156 hours clean from kratom (6 and a half days) and paws depression hit me hard today.

Some back story: i was hooked on coke by 17, and soon after went through bad comedowns and began using opiates for the comedowns. Codeine, then oxy, poppy tea and finally h and fentanyl. I've been clean from all hard drugs for about 6 months, and was just using around 20 grams of kratom a day. I didn't start drinking much until recent months, i met a really amazing girl and i was tapering my kratom at the time but i met her while drunk and she really liked me for whatever reason so i began drinking all the time because it gave me confidence. I have a really shitty sober personality. Anyways that was a few months ago and i want to try to get sober for myself, and for her.
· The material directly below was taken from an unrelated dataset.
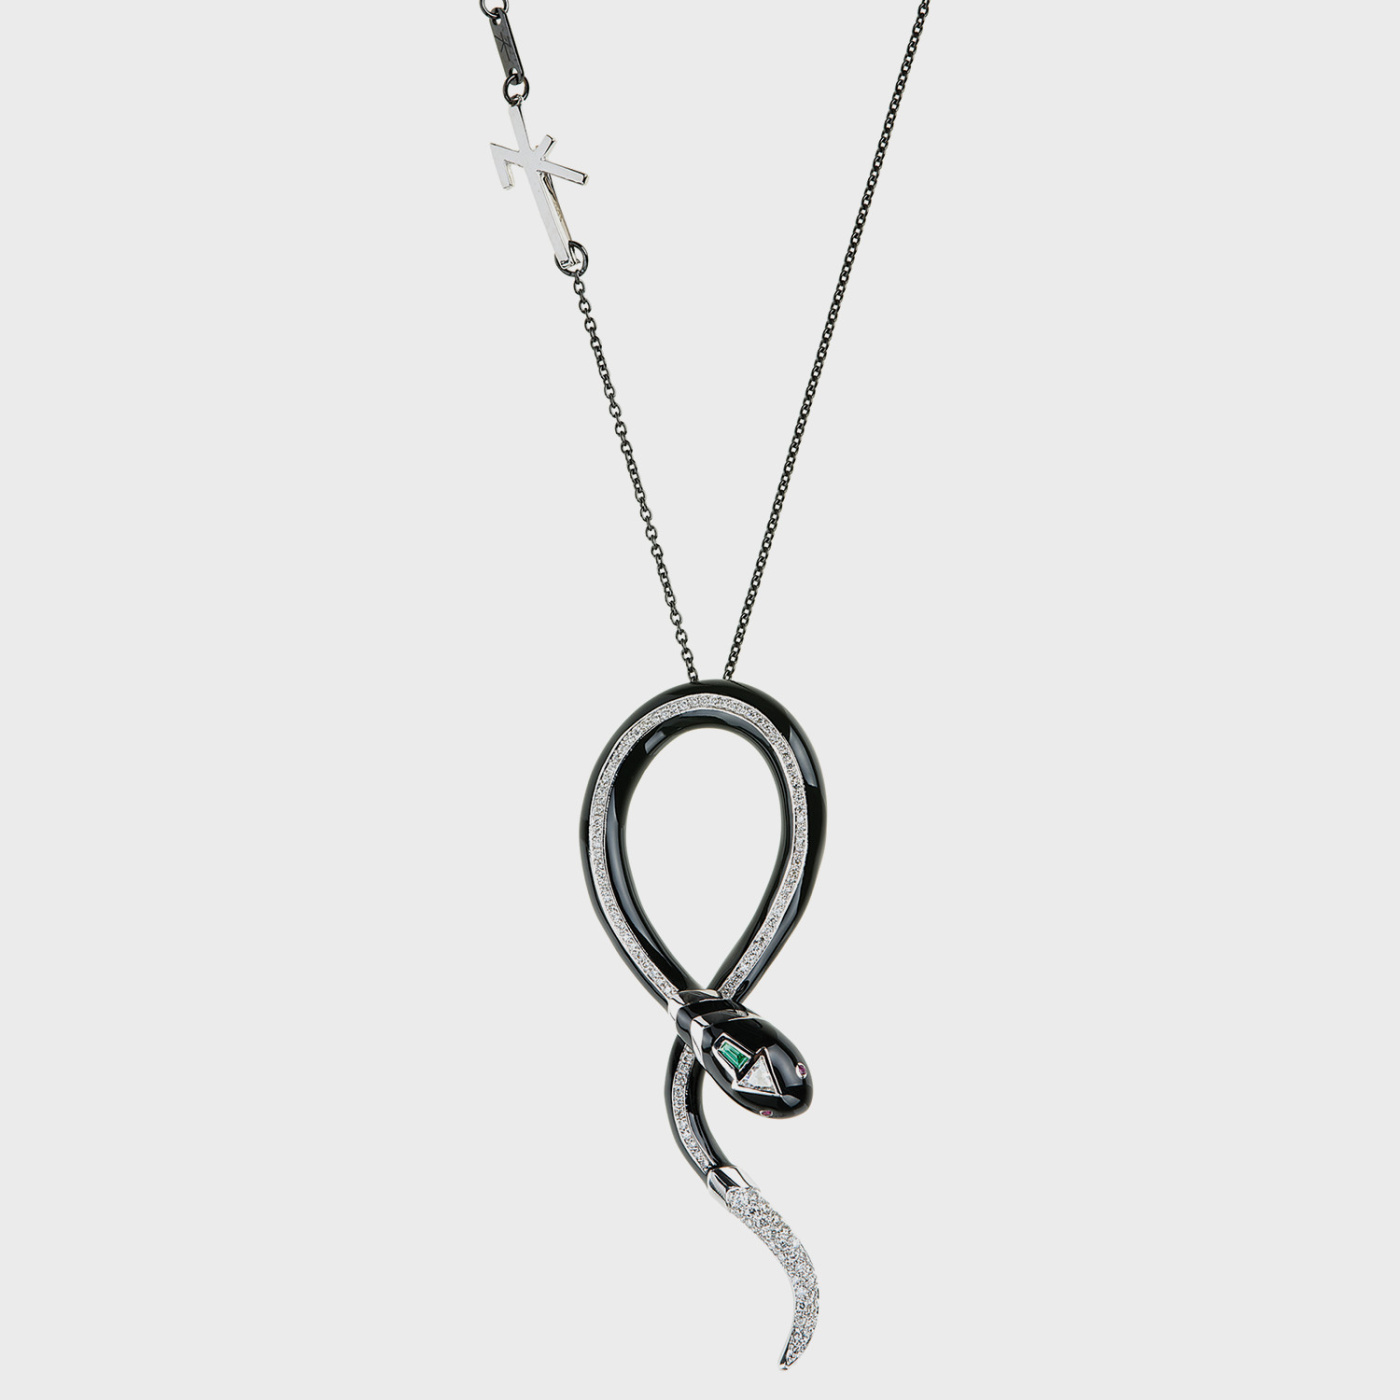 Black gold snake pendant necklace with white diamonds, emerald, ruby and black enamel

She is currently traveling for the next month and a bit so i took the time to quit kratom, my untravealable vice and then i've also been tryna taper off the alcohol but my dad amd brother are alcoholics and ya i just justify drinking way to much. I can get by on like 3 tall cans a day for maintenance and i'm going to try to taper off as soon as the paws let up from the kratom withdrawal. Today is day 7 clean from kratom. I also didn't take any tramadol today, not even my normal 12.5mg. I am so lost though, i want to be sober so much for myself and everyone around me but i don't know how too even live sober anymore. Bi-polar also runs in my family. I've recalled depressed cycles my whole life, even before any drugs or drinking. Literally just laying in bed for days at a time, pathetic i know.

Anyways i'm hoping once i get over the kratom paws hump i can tackle the alcohol next. I need to make some connections for a support system. I have an addictive personality, no doubting that.